As I get out to take that picture, I am met by a small congregation of quirky Canadians who have gathered just above the vomit and behind the nearby railroad tracks. Upon further investigation, I discover that I have stumbled upon "The Tree of Life." How apropos.
"The Tree of Life" is part of an upcoming city arts festival. A Hungarian born performance artist named Istvan Kantor (aka Monty Cantsin) has attached a red flag to an ordinary tree in the hopes of establishing the area as "a new landmark for Calgary to direct information exchange within the framework of everyday life."
Kantor is the disputed founder of "Neoism," an underground philosophy that supports radical performance art, pranks, and a collective identity where everyone refers to themselves as "Monty Cantsin." "The Tree of Life Project" is set to last for three days, and as far as I can tell exists as an opportunity for Kantor to self-promote and perform various odd tasks...or what some would refer to as performance art.
I interview Kantor on camera, and he provides an extemporaneous performance of an old folk song from his native land. His rambling answers to my questions often seem incoherent, but are interesting nonetheless. When I point out the unfortunate juxtaposition of "The Tree of Life" next to the "Vomit" fence, he shrugs it off, pulls on a ski mask and begins digging a hole in the ground.I can only imagine what the children's keyboard and Marilyn Monroe calendar lying around the site are for.
Say what you want about Istvan Kantor, but "Monty Cantsin" seems like a nice guy. The spectators that the exhibit attracts are all interesting and amiable. And why shouldn't they be? On this day, in the empty downtown streets, "Monty Cantsin" is Calgary.
A nice lesbian couple takes a picture with Istvan next to their car, obscuring part of the license plate with Kantor's hand to highlight "666."
A man named David, an Istvan fan, has volunteered to help with the exhibit and asks if I can give him a lift to his apartment so he can pick up his guitar and play a Monty Python song about the meaning of life. When we get there, he shows me his unique artistic passion. He used to live in Japan, and secured a piece of technology that converts handwriting into typeface.
The instrument looks simultaneously futuristic and archaic, but has allowed him to experiment with computer interpretation. The experiment allowed him to be a guest speaker at Arizona State University, an accomplishment David takes great pride in. He has spent countless hours writing various expressions backward in cursive and analyzing the computer's results. For instance, "Logan" backwards emits the word "regal."
Smart computer.
On the way back, David regales me with stories of Istvan's hardcore methods.

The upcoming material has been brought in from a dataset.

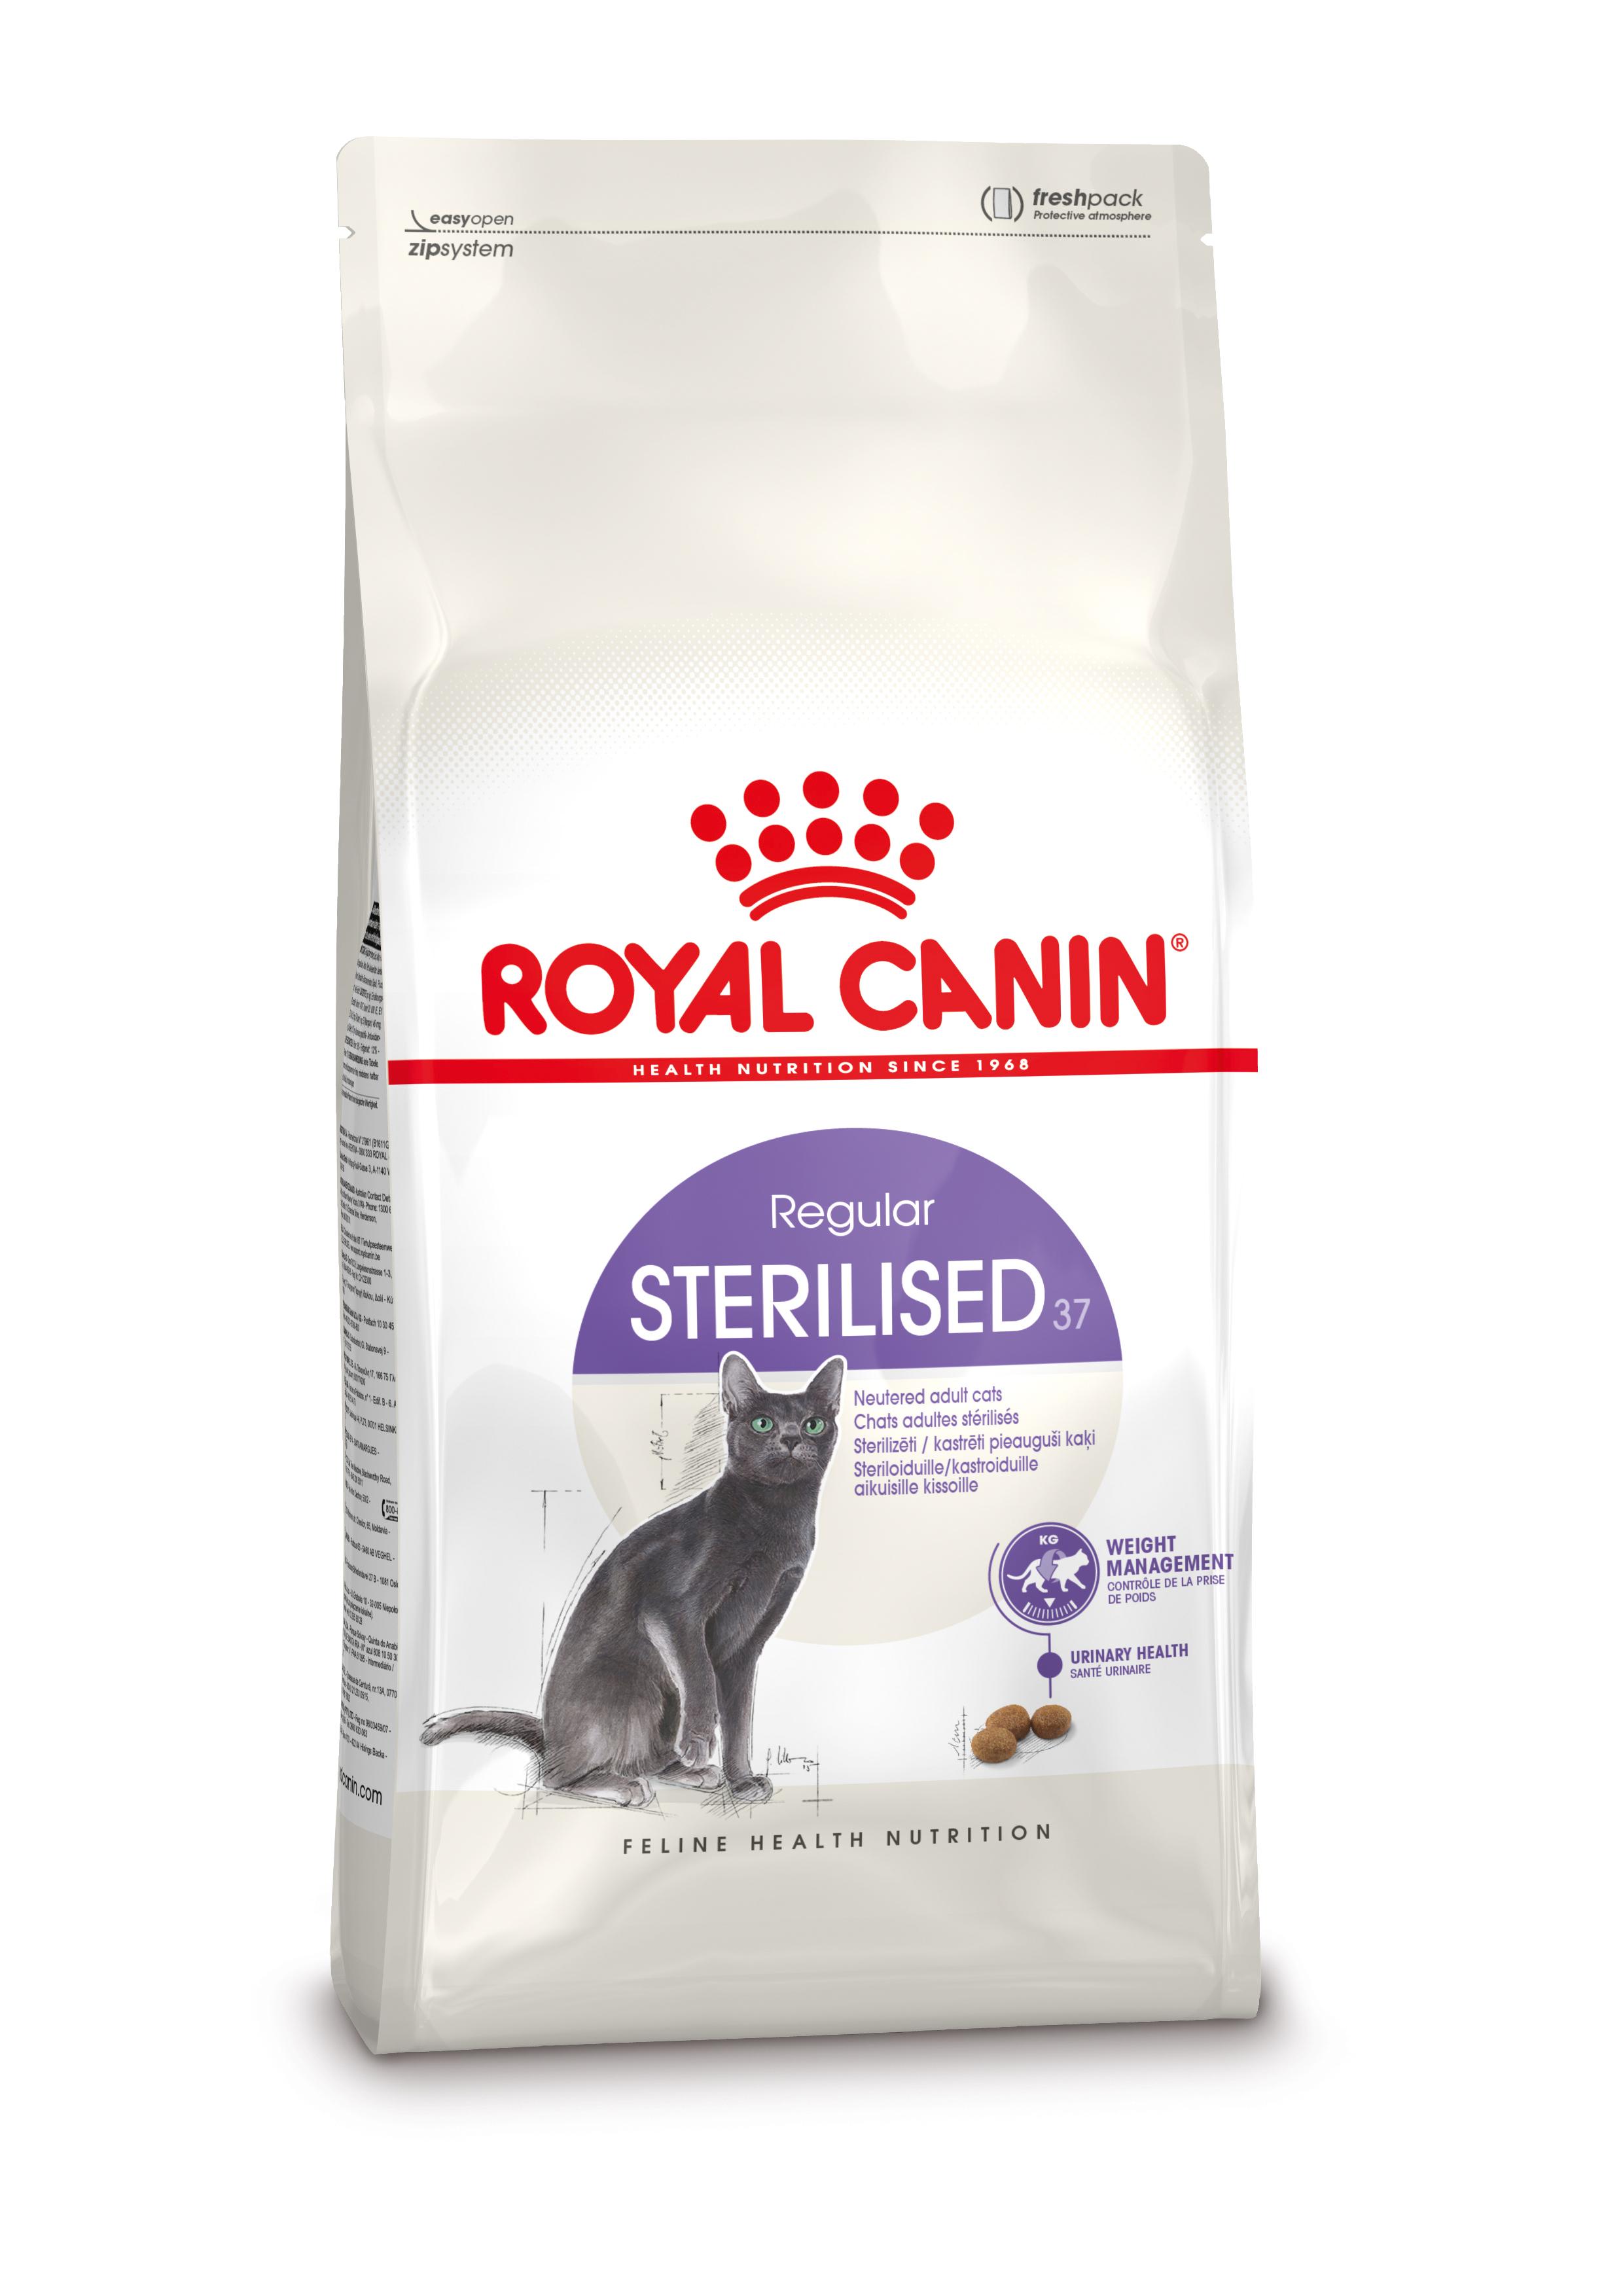 Afbeelding Royal Canin Sterilised 37 kattenvoer 4 kg door Brekz.nl

"He got famous for going into art museums and splattering his blood on the walls," David tells me excitedly. "Needless to say, the museums did not appreciate that."

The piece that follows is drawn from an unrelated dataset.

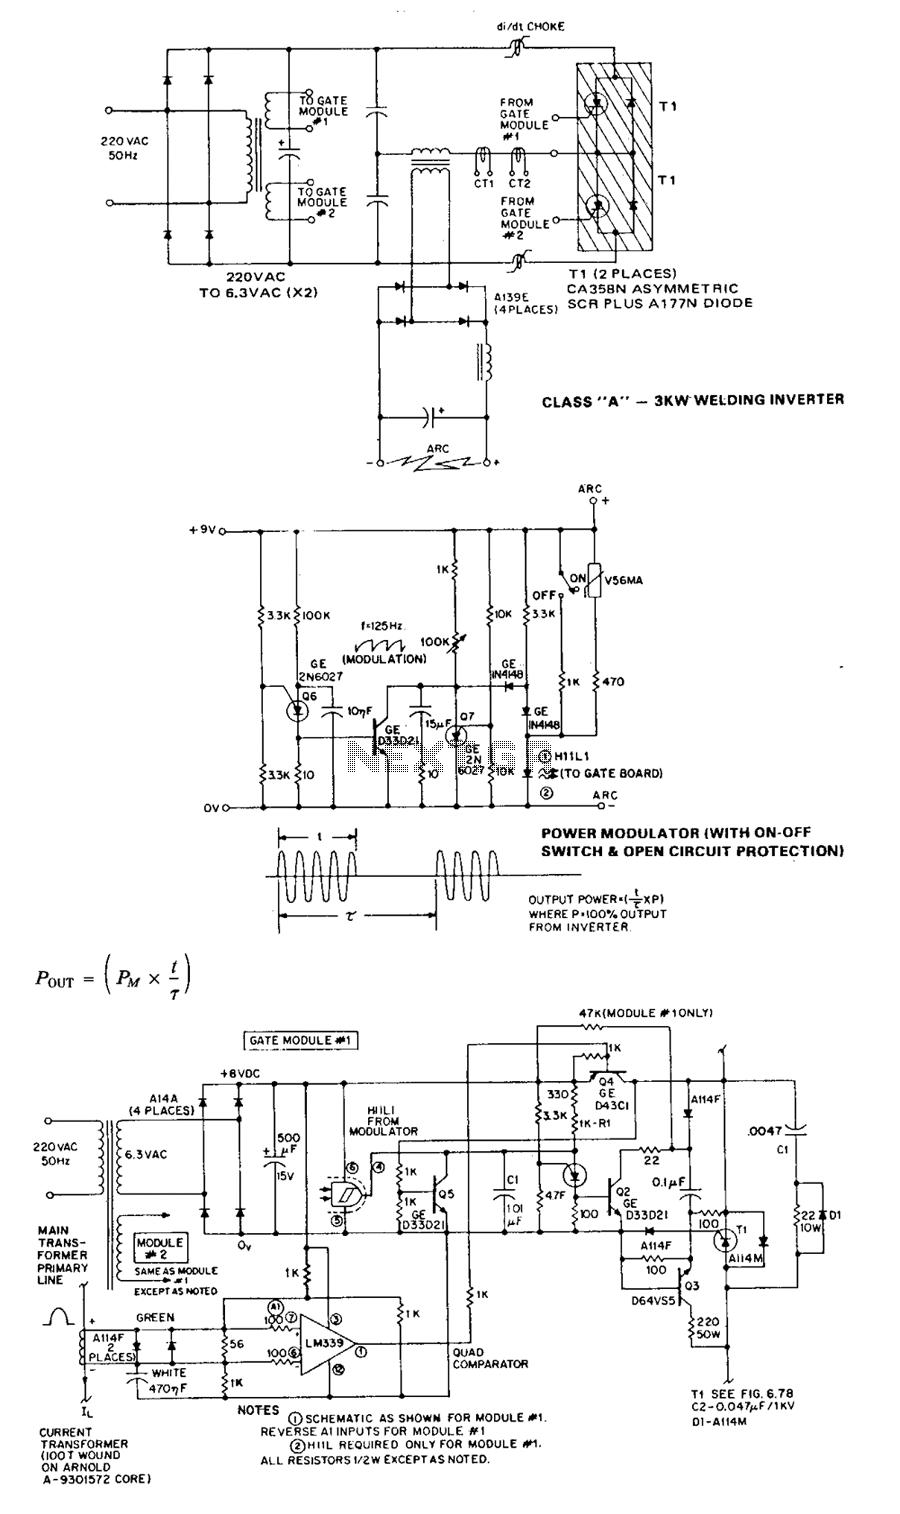 electric resistance welding diagram

Further research shows that Kantor got famous for throwing his blood around quite frequently. Getting kicked out of art museums seems to be his calling card, a fact he wears with pride and features on the front page of his web site, which shows him being dragged off by multiple guards kicking and screaming and proudly proclaims "Banned from most museums around the world."
When we return, David, stagename "Davisio" begins to play songs as Istvan digs a grave for a body that hopefully doesn't exist. David is interrupted mid-strum by a tall man in a Railway Security uniform.

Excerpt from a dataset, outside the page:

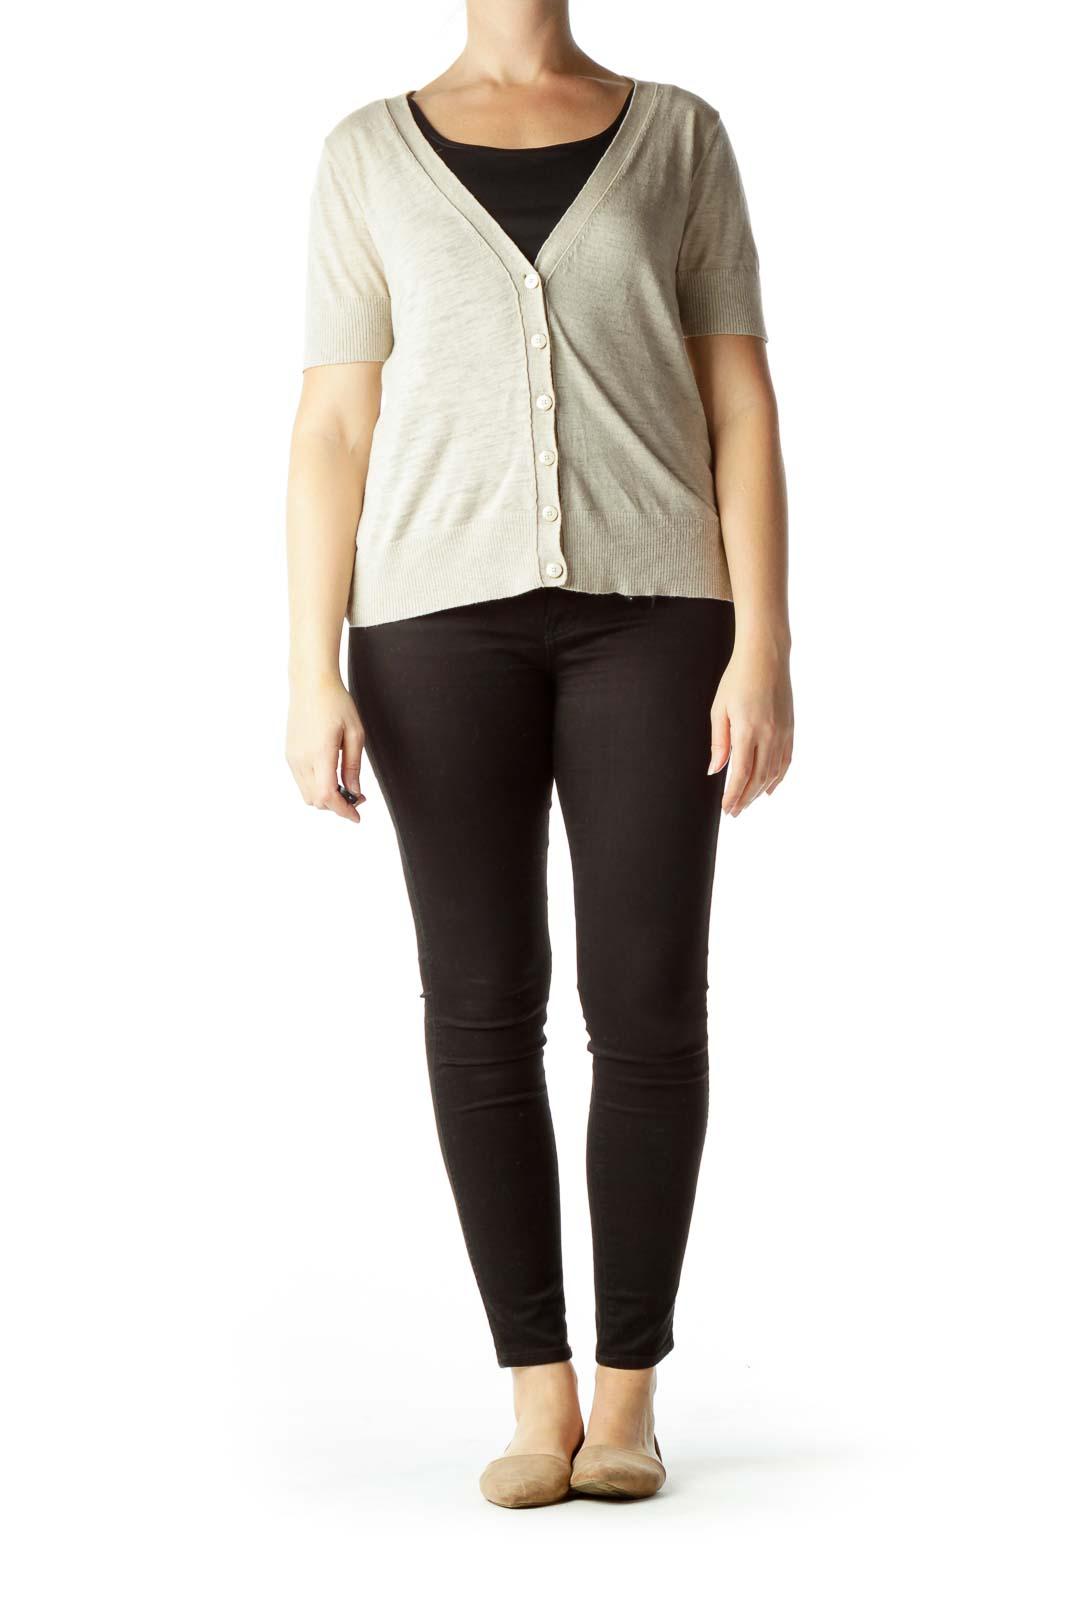 Beige 100% Cotton Short Sleeve Sweater

"This is private property," the guard states matter of factly. "You're going to need to move away from the railroad."
Apparently, Canada also has "The Man," and here he doesn't take a holiday. I brace myself for Istvan, legendary blood-splattering resister to authority, to react with fire and brimstone. Instead, he quietly picks up his keyboard and shovel and feebly moves it away from "The Tree of Life" and next to the "Vomit" fence.I guess even Neoists need to pick their battles wisely.